Palm Trees....they're so...._cheery_. I have 2 10 foot queen palms in my front yard that I really don't even like, right next to the big pretty oak tree, but they aren't getting dug up before Halloween so I need some ideas on decorating them to make them creepier or disguise them, without killing or destroying them. Something aside from just throwing some gauze or something over them.


----------



## ptnfl (Sep 16, 2005)

Usually just hang ghosts and monsters on mine with tombstones and body parts right under them


----------



## ravenworks69 (Sep 27, 2009)

*how to make palm trees creepier*

My first idea would be to wrap them in orange and purple lights. Depending on ho far apart they are, you could make a spider web between them with a egg sack and a few cocooned "victims".

Marc V.


----------



## Wolfbeard (Sep 22, 2008)

Definitely use creepy lighting on them. You might also want to make a wire framed "Vine Monster." I can envision vines wrapped around the trunk of both of the palm trees, but one has a vaguely humanoid monster shape. One "arm can be around the tree and a skeleton, while the other "arm" is reaching out toward the people walking by. Here are some images for inspiration.

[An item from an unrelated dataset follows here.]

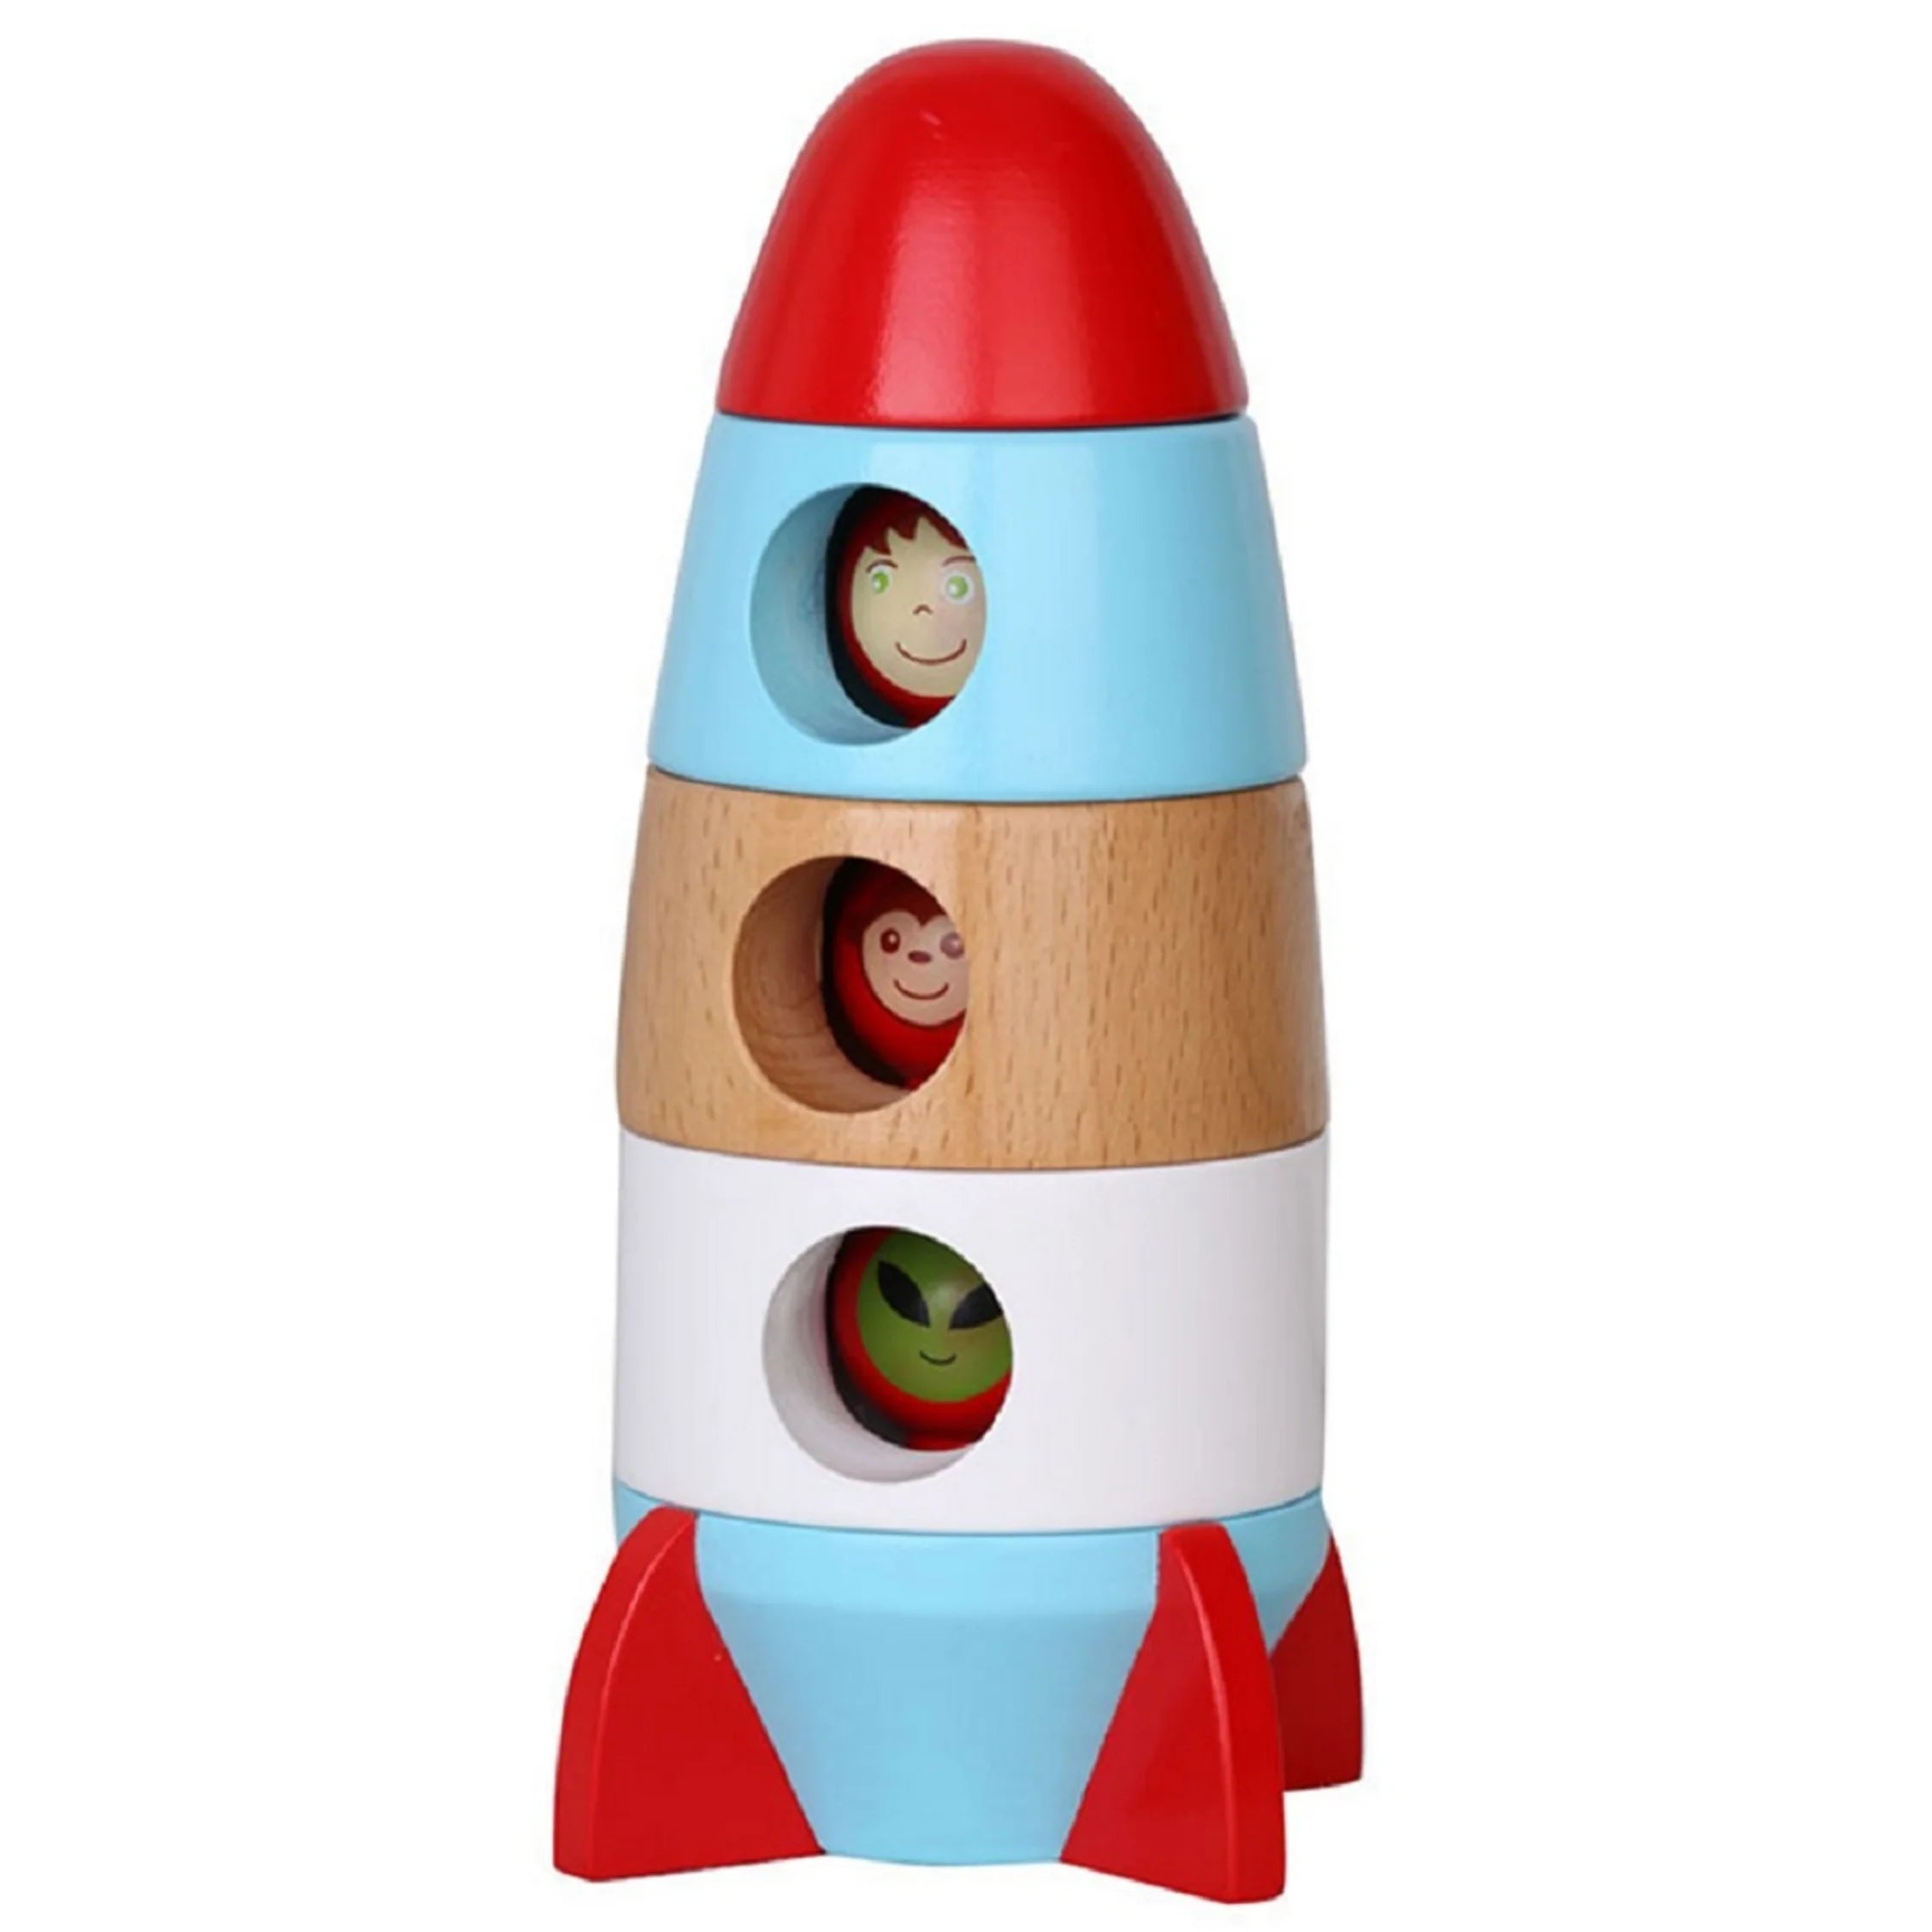 Discoveroo Wooden Magnetic Rocket

We don't have any palm trees in CT, but I think it would provide a creepy yet believable scene for you.
















Eric


----------



## wensteve (Apr 9, 2012)

I'm not sure how big they are around (I'm from Canada and have never actually seen a palm tree lol) but what if you bought one of those cement tubes like in the first picture and cut it in half from top to bottom. Then you could make a creepy tree using monster mud and wrap the two pieces around your existing tree. I'm not sure how you could make the top of it but you could add lights to the inside of the tubes so it glows.


----------



## tarapotamus (Sep 2, 2013)

oo I like the cement tube idea...I think they make a cement tube big enough to go around it, that's a def possibility! and maybe build some arms into it like Wolfbeard said...thanks! keep the ideas coming!


----------



## Excogitate (Sep 1, 2013)

Up lighting! I will do wonders play with colors!


----------